Method of an assessment of an indicator of Hurst

RS-statistics

Periodogram

Dispersion changes

AKF

1

07.41.16.05.10.09

0,9062

0,6690

0,9597

0,9534

2

39.17.17.05.10.09

0,9116

0,6744

0,9389

0,9211

3

20.47.17.05.10.09

0,9245

0,7138

0,9560

0,9476

4

33.20.18.05.10.09

0,9477

0,5874

0,9379

0,9348

5

44.54.18.05.10.09

0,9031

0,7014

0,9496

0,9356

6

35.25.19.05.10.09

0,8955

0,6358

0,9188

0,9255

7

06.57.19.05.10.09

0,8731

0,6829

0,9058

0,9205

8

30.30.20.05.10.09

0,8576

0,6706

0,9142

0,9110

9

48.58.20.05.10.09

0,9643

0,6900

0,9466

0,9344

10

51.30.21.05.10.09

0,8911

0,6794

0,9129

0,9083

11

39.00.22.05.10.09

0,8987

0,6998

0,9062

0,9152

12

42.31.22.05.10.09

0,9418

0,7108

0,9233

0,9284

13

19.06.23.05.10.09

0,9369

0,7191

0,9545

0,9511

14

13.45.23.05.10.09

1,0475

0,7050

0,9645

0,9816

15

19.52.00.06.10.09

1,0284

0,7263

0,9820

0,9629

16

49.34.02.06.10.09

1,0144

0,7286

0,9514

0,9797

17

43.40.07.06.10.09

1,0609

0,7154

0,9761

0,9715

18

58.03.10.06.10.09

0,9990

0,7308

0,9606

0,9506

             

0,9446

0,6911

0,6911

0,9422

SD

0,0614

0,0360

0,0360

0,0237

Conclusion

Modern networks - networks with a wide set of every possible services and services. A part from them are services of a time-dependent traffic (the IP-telephonies services, streaming video, different types of scheduling of the equipment), other part, for example, file exchange networks of FTP servers are not critical to the current capacity. The special attention is deserved by services of the distributed data storage of P2P. Universal distribution of this type of service, absence of «a narrow throat» as the element of system limiting total amount of being broadcast data allow to consider further development of the P2P networks as a factor bringing an imbalance in existing network infrastructure [8].

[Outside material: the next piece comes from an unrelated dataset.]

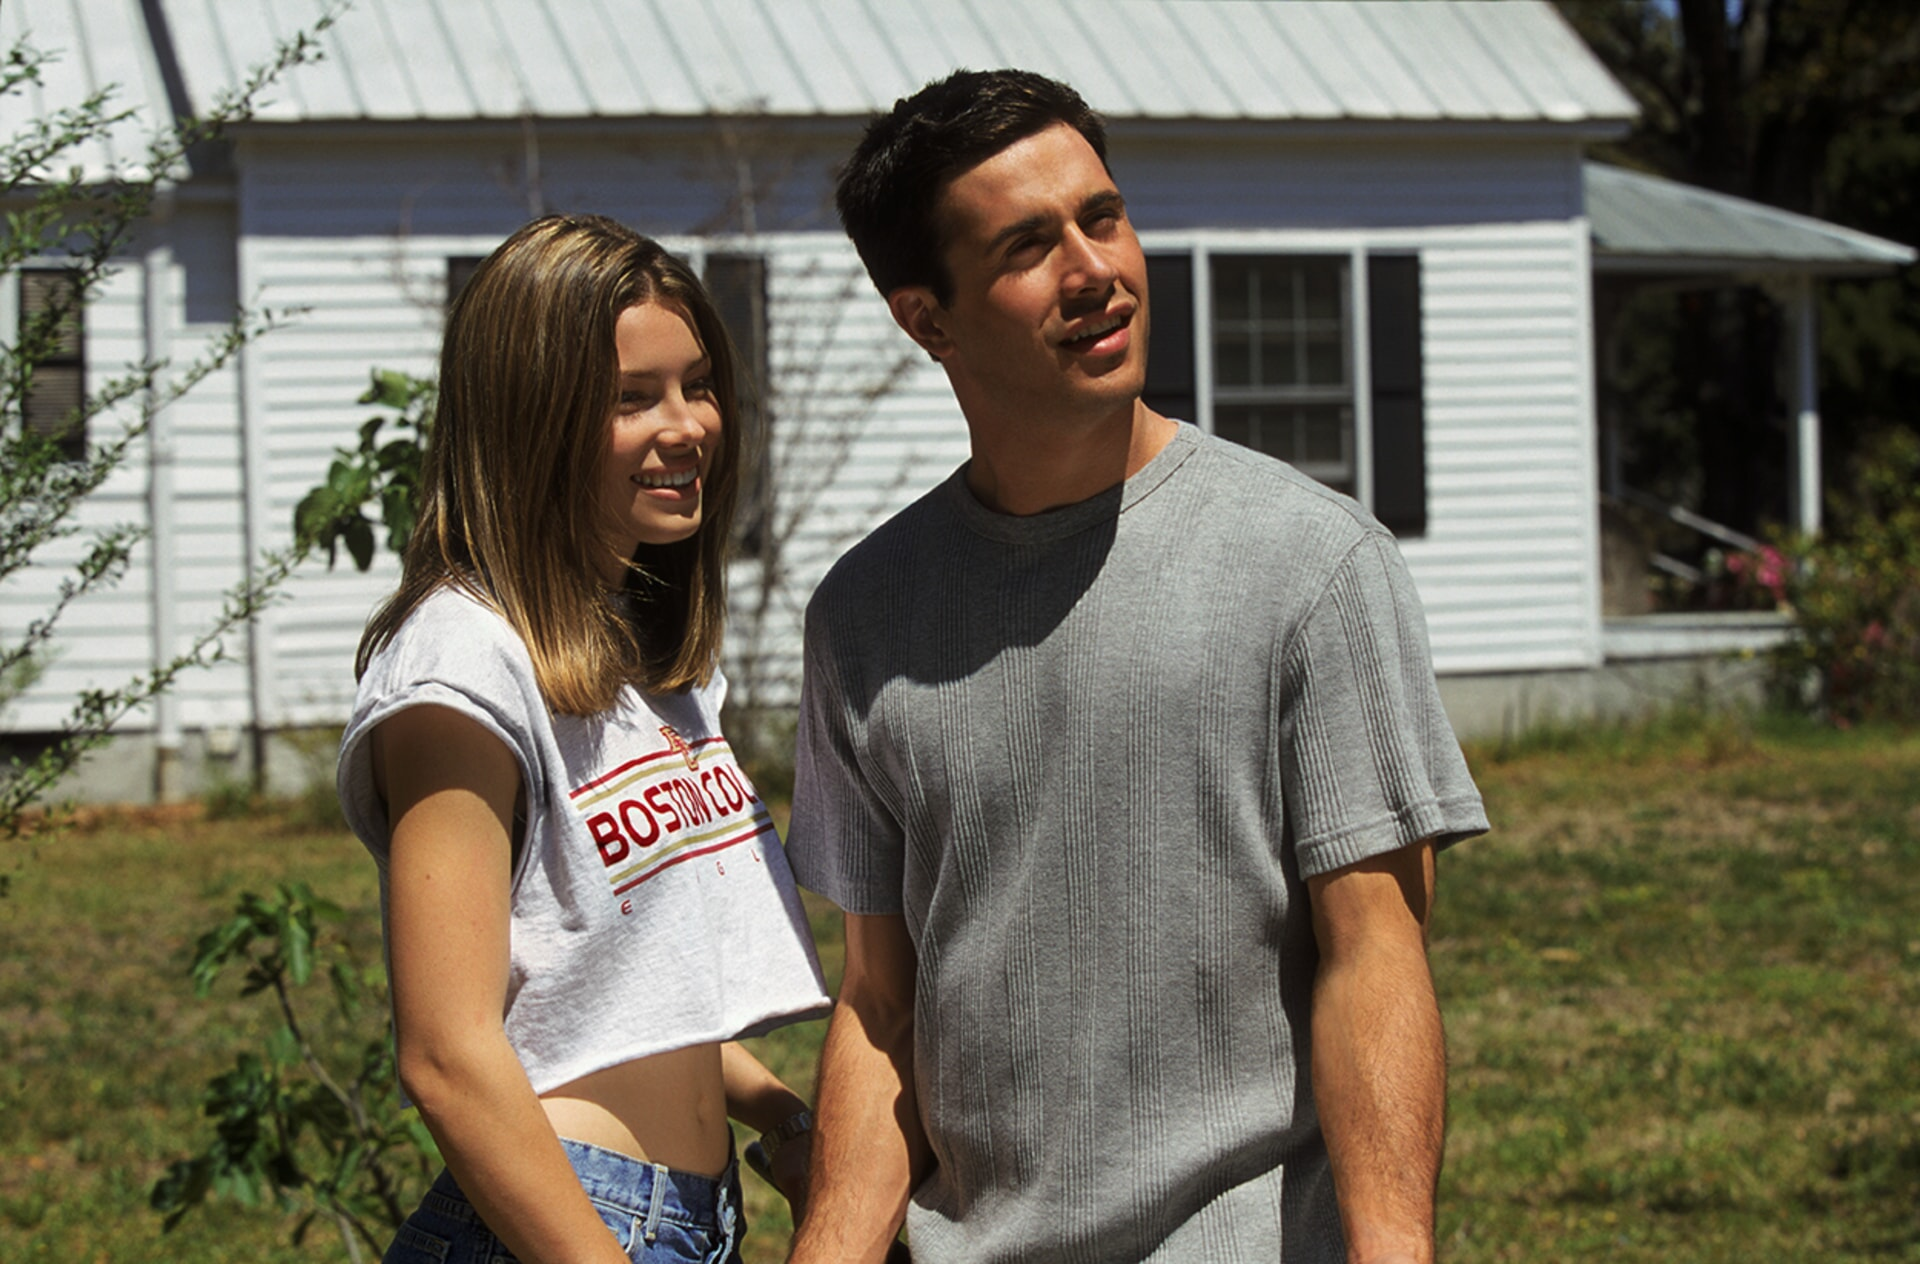 jessica biel and freddie prinze jr. star in summer catch

Today with emergence broadband network services, problems of improvement of quality of service, long-term forecasting of loading of communication channels, the engineering and management of a network become more and more actual.

List of references

1.   Norris, M. Gigabit Ethernet/M. Norris//Technology and Applications. - Artech House, 2003.

2.   Petrov, Century of Century. Statistical analysis of network traffic / Century. In Petrov. - Moscow, 2003.

3.   Shelukhin, O.I.Samopodobiye and fractals. Telecommunication appendices / Lakes. I.Shelukhin, A.V.Osin, Page. M Smolsky. - M: Physlit, 2008.

4.   Y.A. Razrabotka's hooks of the program focused multi-purpose network of the distributed calculations of scale of the small city: Cand.Tech.Sci. / Yu.A.Kryukov. - Dubna, 2004.

5.   Karagiannis, T. POISSON VIEW OF INTERNET TRAFFIC/T. Karagiannis, M. Molle, M. A. FALOUTSOS//NONSTATIONARY INFOCOM 2004. Twenty-third AnnualJoint Conference of the IEEE Computer and Communications Societies, March 2004. - vol.3, issue, 7-11. - P. 1558-1569.

6.   Afontsev E.V., Development of a technique of detection of anomalies of a traffic in the main Internet channels. Dissertation, 2007.

7.   Hurst, H. E. Long-term storage capacity of reservoirs. Trans. Am. Soc. Civil Engineers. - 116:770-799, 1951.

8.   O Rose., Estimation of the Hurst Parameter Time Series. 1996.